A Band of Sisters

I graduated from Columbia Law School 20 years ago with a class that was half women, and the idea of a glass ceiling seemed antiquated to me. Gender barriers were alien. The future was mine. Yet two weeks ago, I went to court and found I was the sole female attorney in a courtroom of 27 lawyers. I am a female partner in a law firm that counts 20 percent of its partnership as female—roughly on par with the AmLaw trend.

When I point out this imbalance, I am often told that the practice of law is incompatible with women having children. As a mother of three children myself, with female colleagues who also mother young children, this explanation does not comport with my experience. I know the actual barriers for women’s career advancement are a lack of mentorship, career-building opportunities, confidence in women’s skills and talents, and work/life flexibility. These challenges are real. And, yes, it is frustrating that they still exist in 2019.

At the same time, in the 20 years I have been practicing law, something surprising happened.
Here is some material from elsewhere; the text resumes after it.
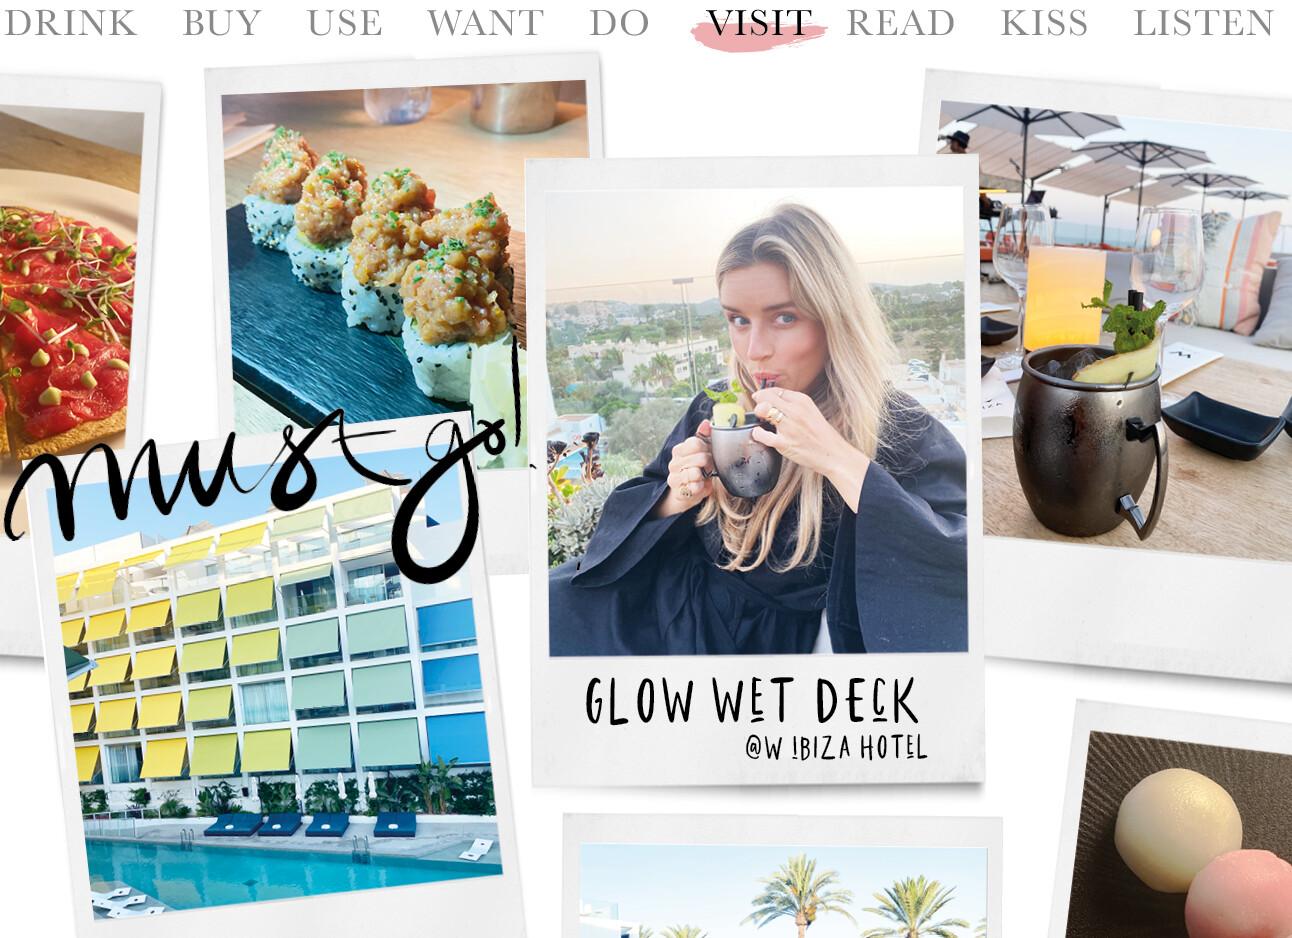 Glow WET deck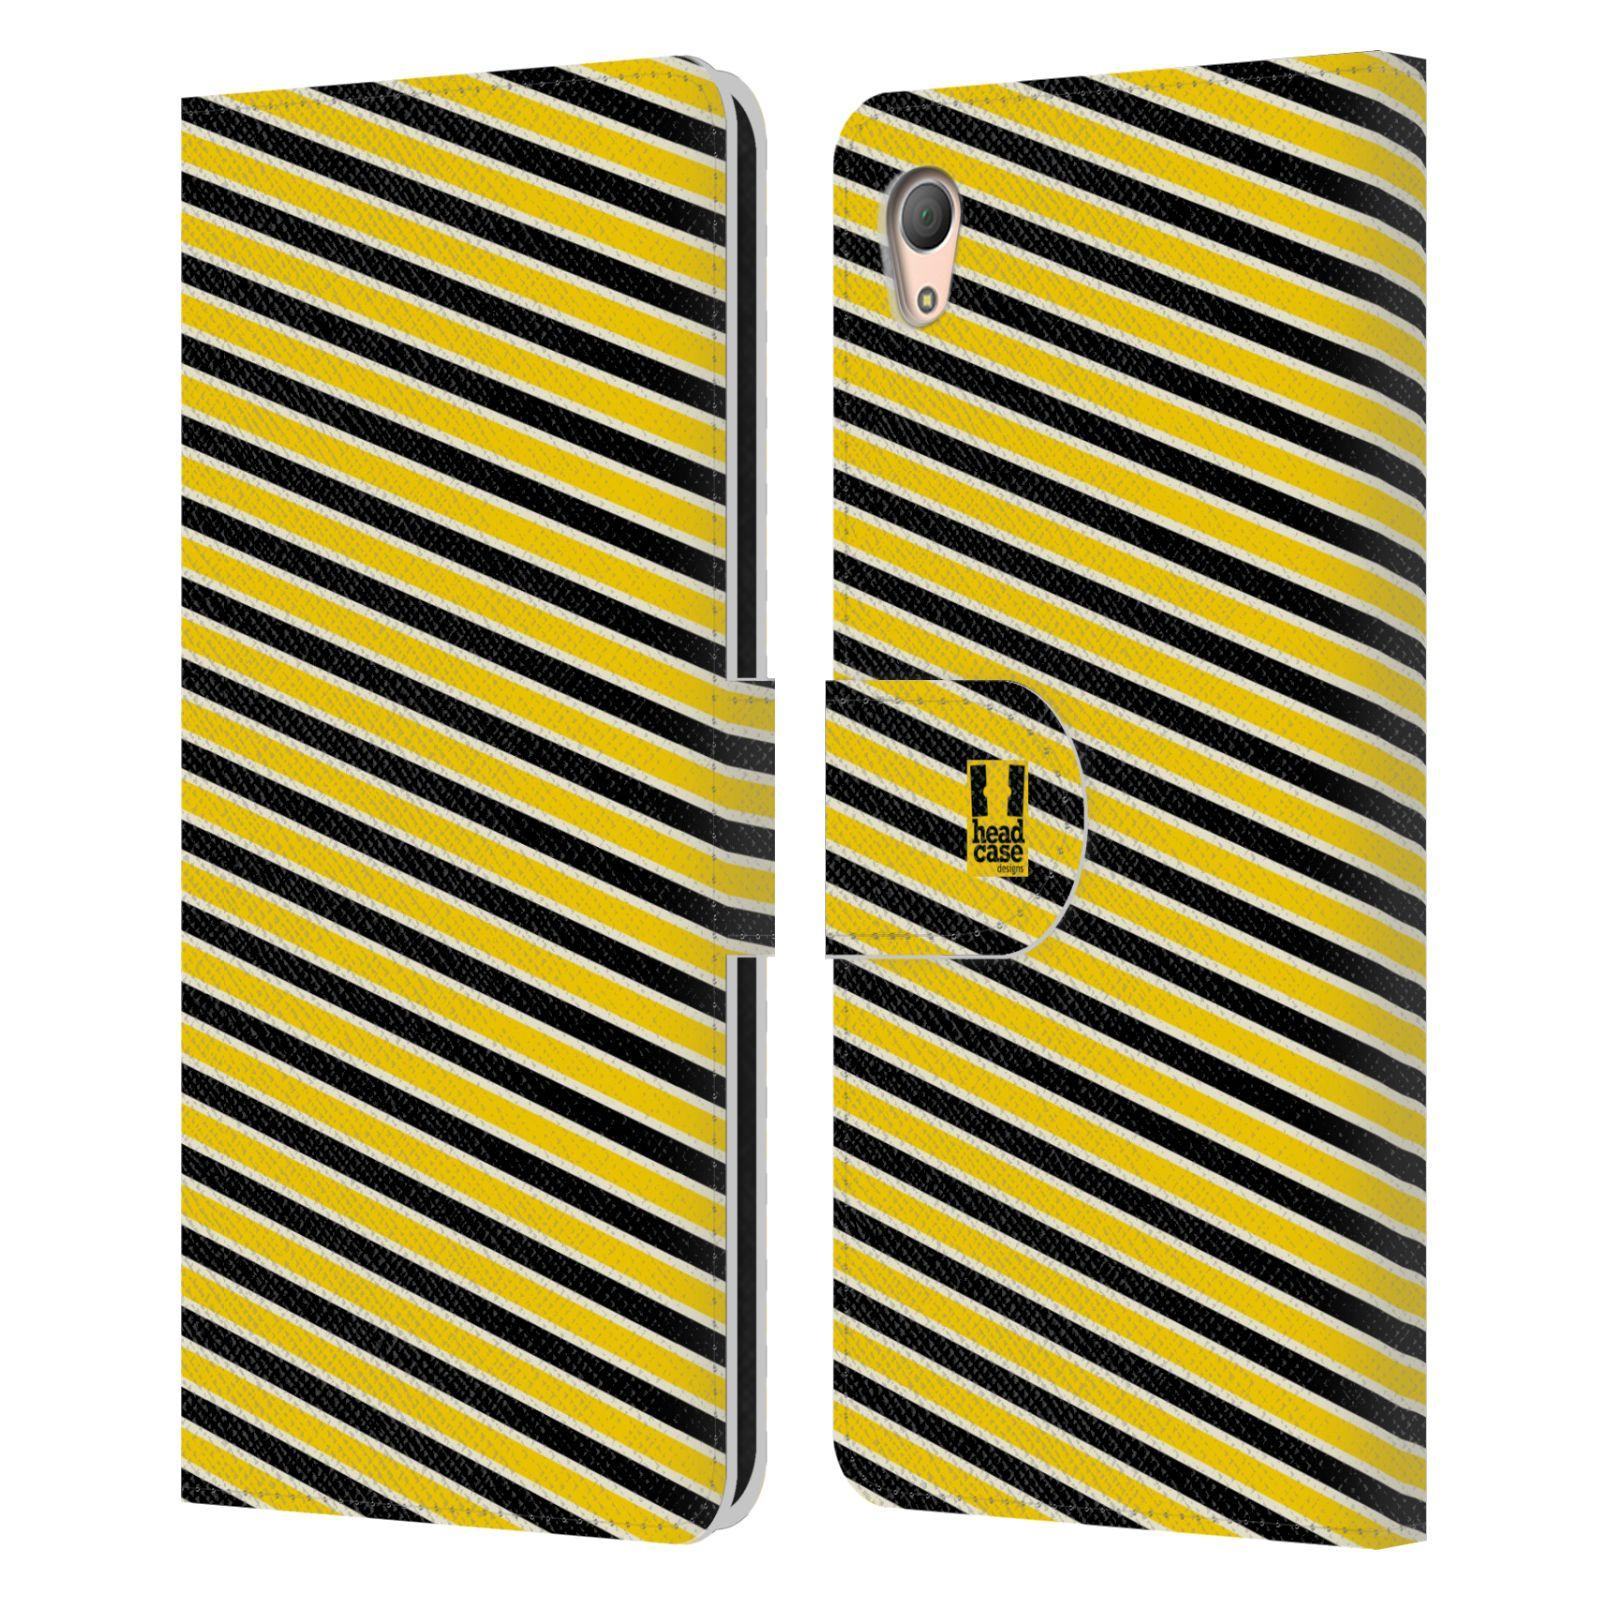 HEAD CASE Flipové pouzdro pro mobil SONY XPERIA Z3+ (PLUS) VČELÍ VZOR pruhy žlutá a černá

I became part of a band of sisters—a community of like-minded female lawyers, practicing at the highest echelons of their field and simultaneously enjoying a rich and rewarding life.

We started out as optimistic young women, unaware that there was anything other than a level playing field ahead of us. Over the years, we supported each other to make sure our voices were heard and our achievements recognized. We lift each other up and reach behind us to lift other women up.

We are all too familiar with the indignities that can come with being a female lawyer: being mistaken for the secretary or the court reporter; male opposing counsel telling you to smile in the middle of a deposition; the mediator “joking” that you achieved a favorable settlement for your client by offering sexual favors to your male adversary; and the judge admonishing male counsel against “ganging up on a little girl” when you walk into a settlement conference.

We know that when we walk into a room we have earned our place at the table.

When asked when will there be enough women on the Supreme Court, Justice Ruth Bader Ginsburg famously said, “When there are nine.” If that fantastical dream were to ever happen, I know it will only be possible because of the band of sisters that came before us, that strives alongside us, and that will rise after us.